The equity of congestion pricing depends on how the collected revenues are redistributed to travelers and on whether travel alternatives are available. (Giulano 1994; Litman 1996). Congestion pricing will only be inequitable and regressive if low-income drivers are not adequately compensated for the higher tolls. Under the right redistribution policy most people across income groups can be made better off (whether one chooses to wait in congestion or pay to save time).

Implementation Challenges

Most technological components for congestion pricing (electronic toll collection systems) have been tested and demonstrated throughout the world and are ready for widespread deployment. The main challenge to the implementation of congestion pricing is opposition from groups who consider themselves worse off once pricing is established.
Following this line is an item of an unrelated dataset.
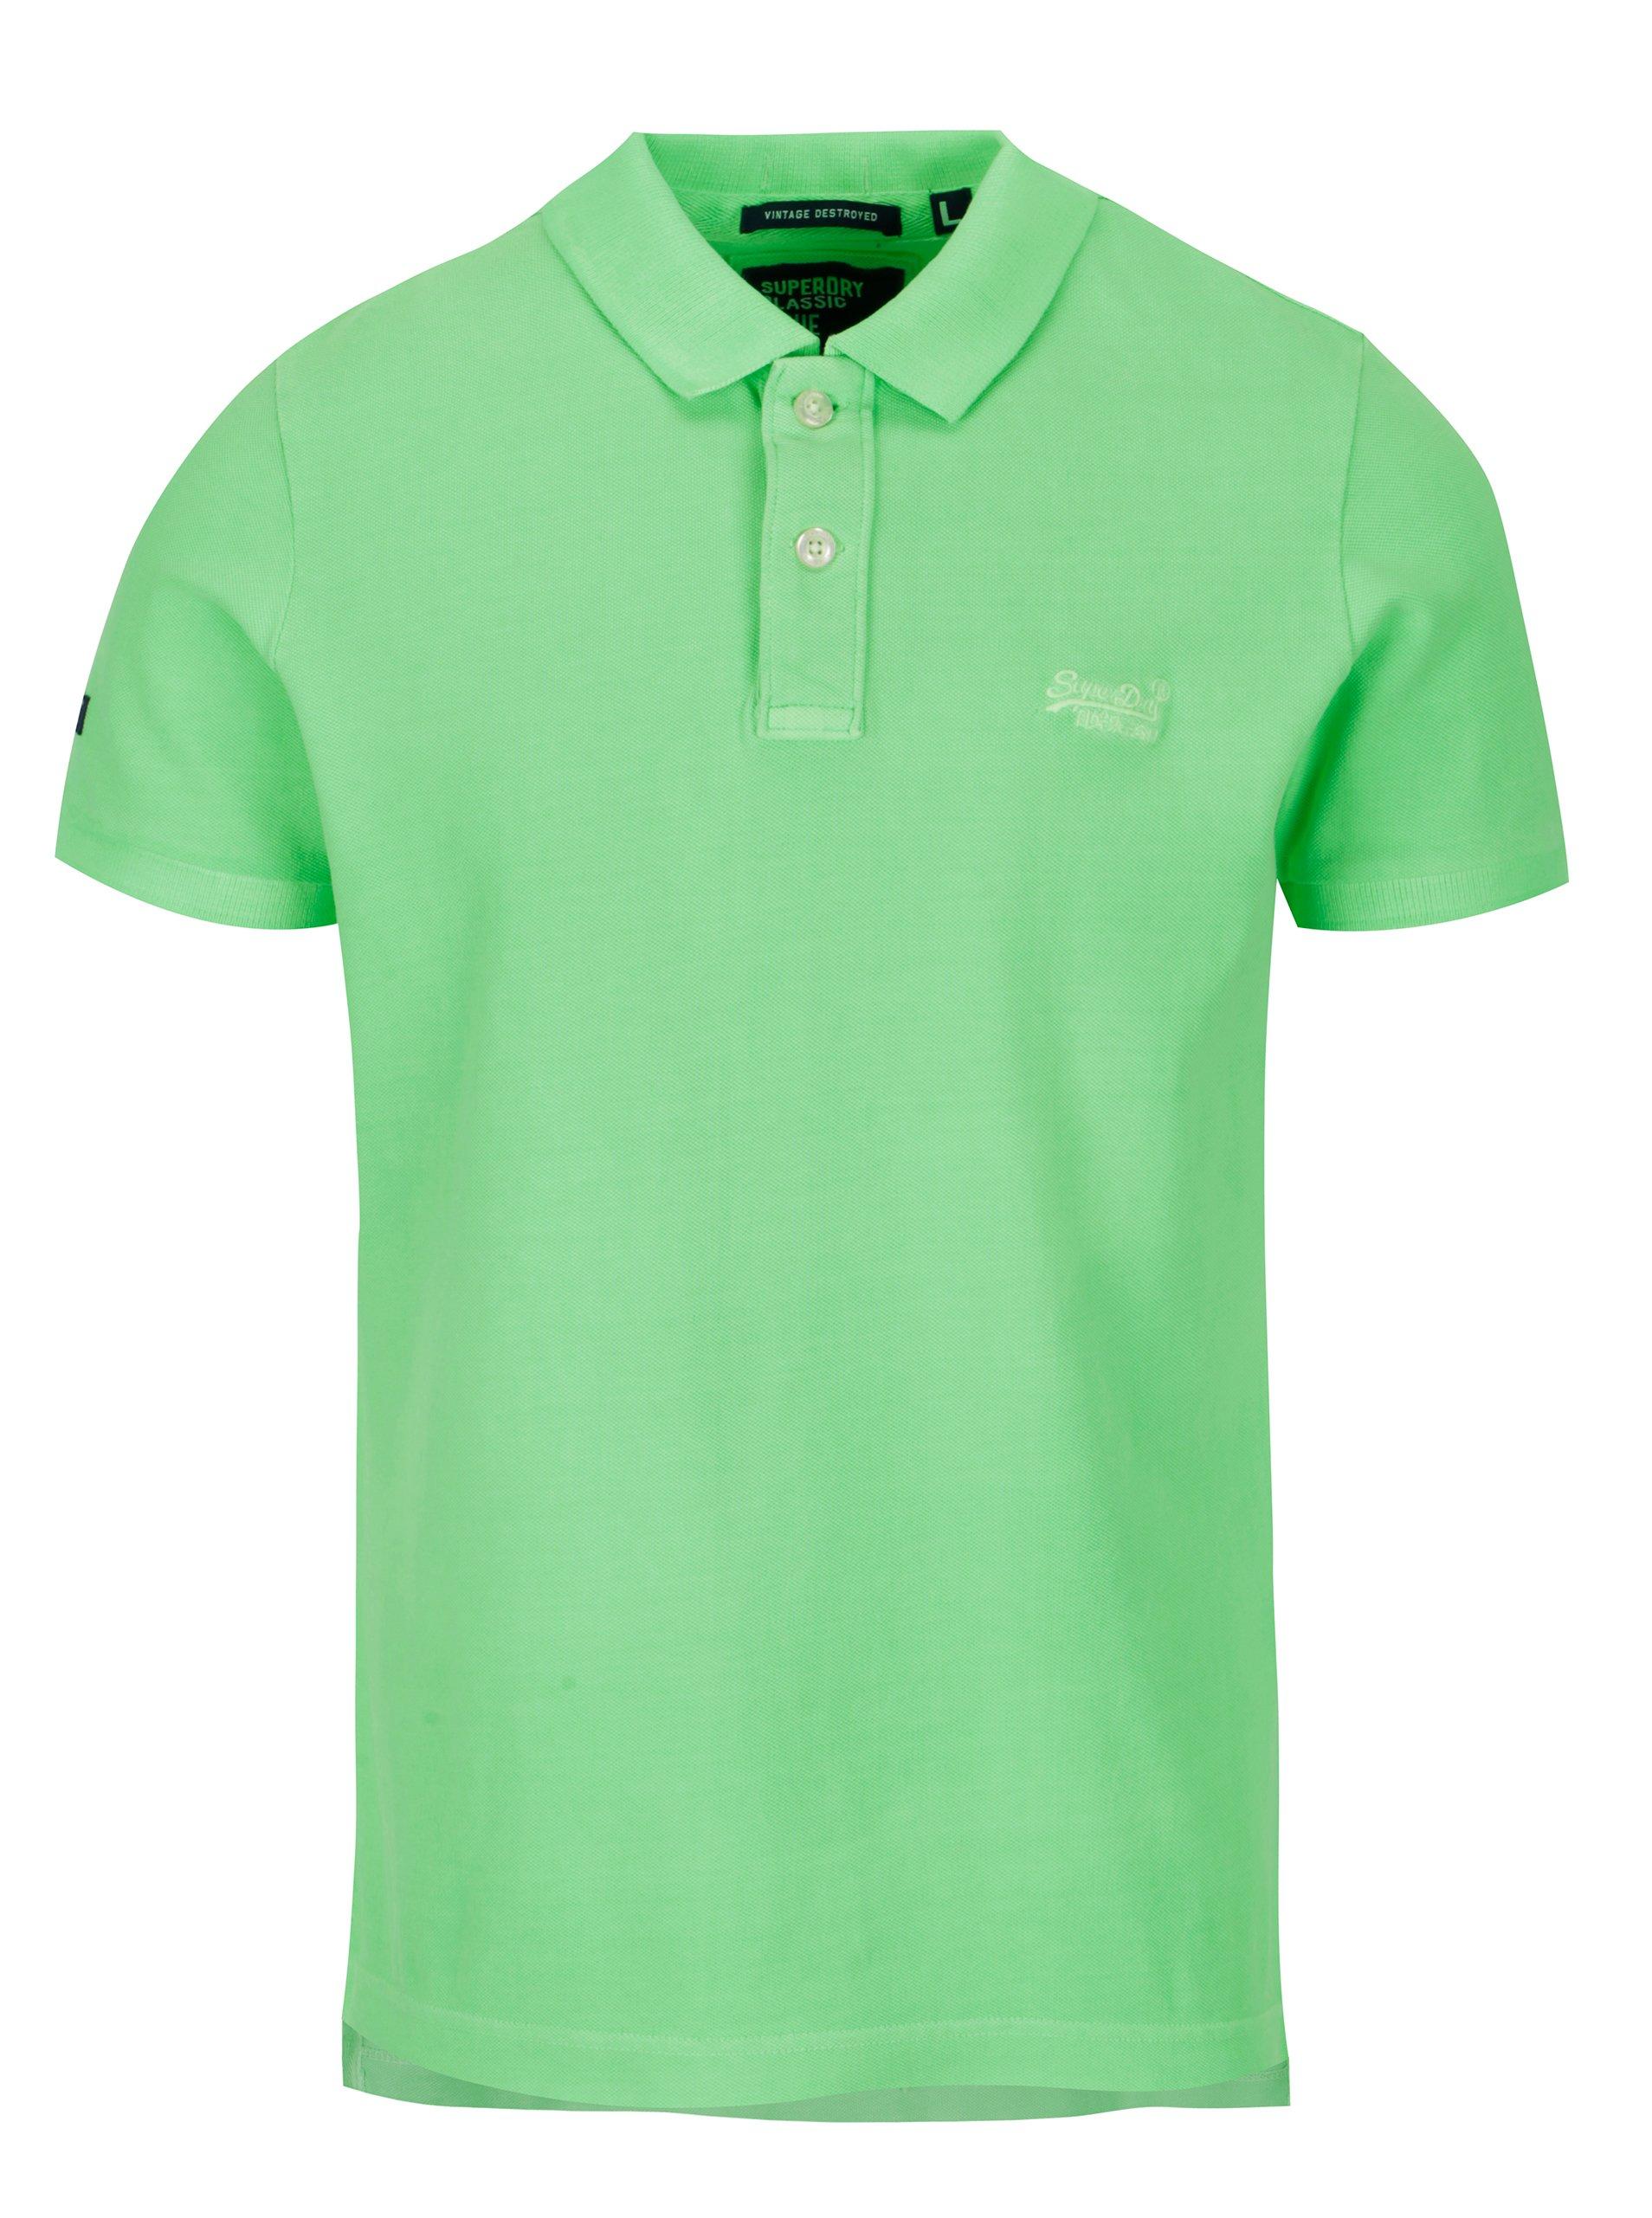 a1c3c4966dc1 Neonově zelené pánské polo tričko Superdry

Given the equity concerns with congestion pricing and the fact that this concept is new to most travelers, an incremental approach seems appropriate. By extension, one of the big lessons learned from many of the congestion pricing projects is that marketing, public education and involvement with the project, and transparency in terms of toll revenue redistribution are essential to gain wide support for the project.

Where is it Implemented?
  • United States: San Diego: I-15 FasTrak, Orange County SR91, Houston I-10 QuickRide.

  • In the U.S. there are no congestion pricing cases where free lanes are transformed into toll lanes. All the projects are either transformations of underutilized HOV lanes into HOT lanes or toll reductions during off-peak periods when tolls were already in existence.

  • Asia: Singapore, Seoul, Hong Kong

  • Europe: Stuttgart, Germany; Trondheim, Norway.